Modifying a Database Command Prior to Execution when a Database
Command References Restricted Attributes
[0032] According to one embodiment, a determination is made as to
whether to modify a database command prior to execution based on
which attributes are referenced. According to one embodiment, if a
user requests to access data from attributes that are not
restricted, the requested data may be returned to the user without
modifying the database command. For example, if NAME and ID are not
restricted attributes and John requests to see the names and IDs
for all of the people in table t2, then John will be provided the
names and IDs for all of the people in table t2.

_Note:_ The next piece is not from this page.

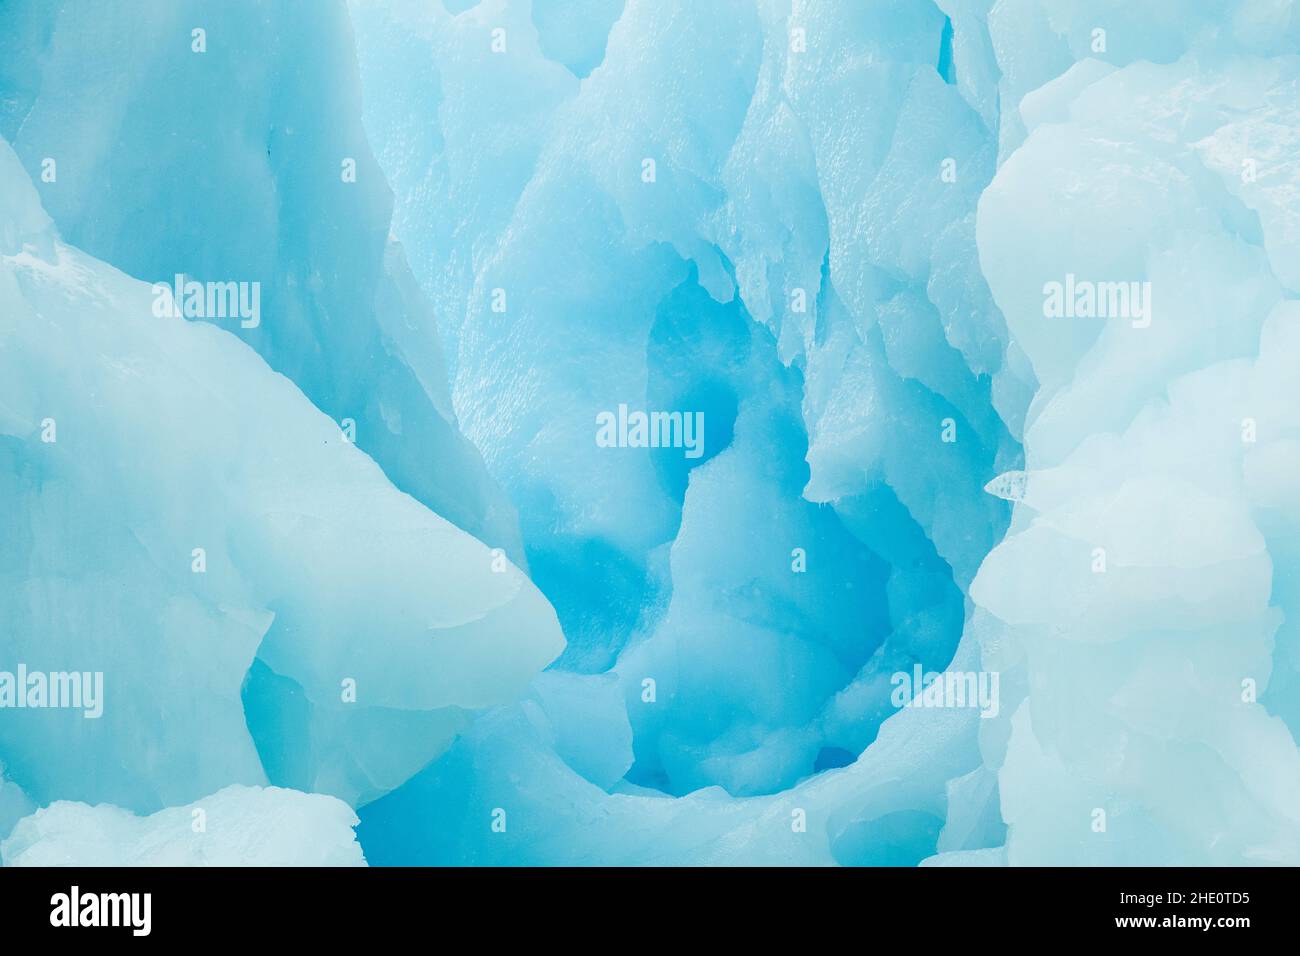 Canal dans un iceberg bleu causé par la fonte et l'érosion. Banque D'Images
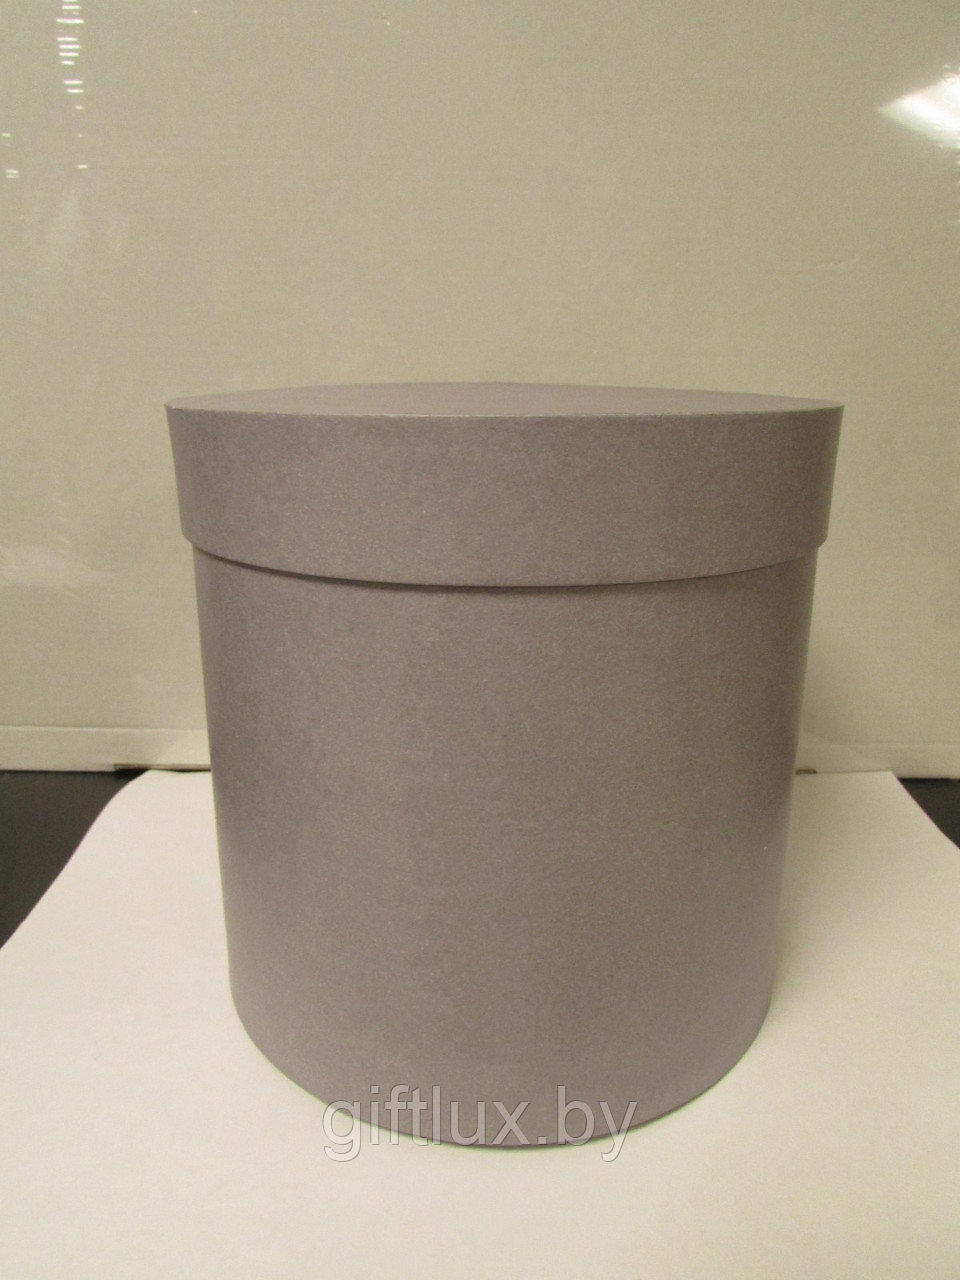 Коробка подарочная круглая "Однотон",15*15 см графит

[0033] In another example, assume that "SSN" is a restricted
attribute, and a query attempts to access the "SSN" attribute for
all rows in table t2. In this case, semantic analyzer 231
determines, based on policy metadata 242, that the "SSN" attribute
is restricted, and invokes policy function 232. Policy function 232
then determines whether this query may access the data in the "SSN"
attribute. For example, if the query was issued by personnel in
human resources, such as Priscilla in row 116, then the policy
function 232 may determine that the query does not need to be
modified, thus, returning the data from the "SSN" attribute to
Priscilla. However, if the query was issued by someone other than
personnel in human resources, such as Chris (referring to row 111),
the policy function 232 may determine that the query may not access
the data in the "SSN" attribute.
[0034] According to one embodiment, under these circumstances, the
policy function 232 returns a predicate to modify the database
command to restrict the rows returned by the database command. For
example, a predicate such as "WHERE 1=2", which always evaluates to
false, may be appended to a query, thus, preventing Chris from
seeing any data. Alternatively, the policy function 232 may append
a predicate to restrict Chris to only the rows that correspond to
personnel in Chris' department. For example, a predicate such as
"WHERE t.dept=J21" may be appended to the query issued on Chris'
behalf.
Determining Whether to Modify the Database Command Based on the
Location of the Attribute in the Database Command
[0035] According to one embodiment, the determination of whether to
modify the database command is based on where, within the database
command, the restricted attribute is referenced. For example, the
general syntax of a query is:
[0036] SELECT (attribute list)
[0037] from (table list)
[0038] where (filter list);
[0039] The table list indicates the tables from which data is being
requested. For example, if the table list includes "employee", then
data is being requested from a table named "employee".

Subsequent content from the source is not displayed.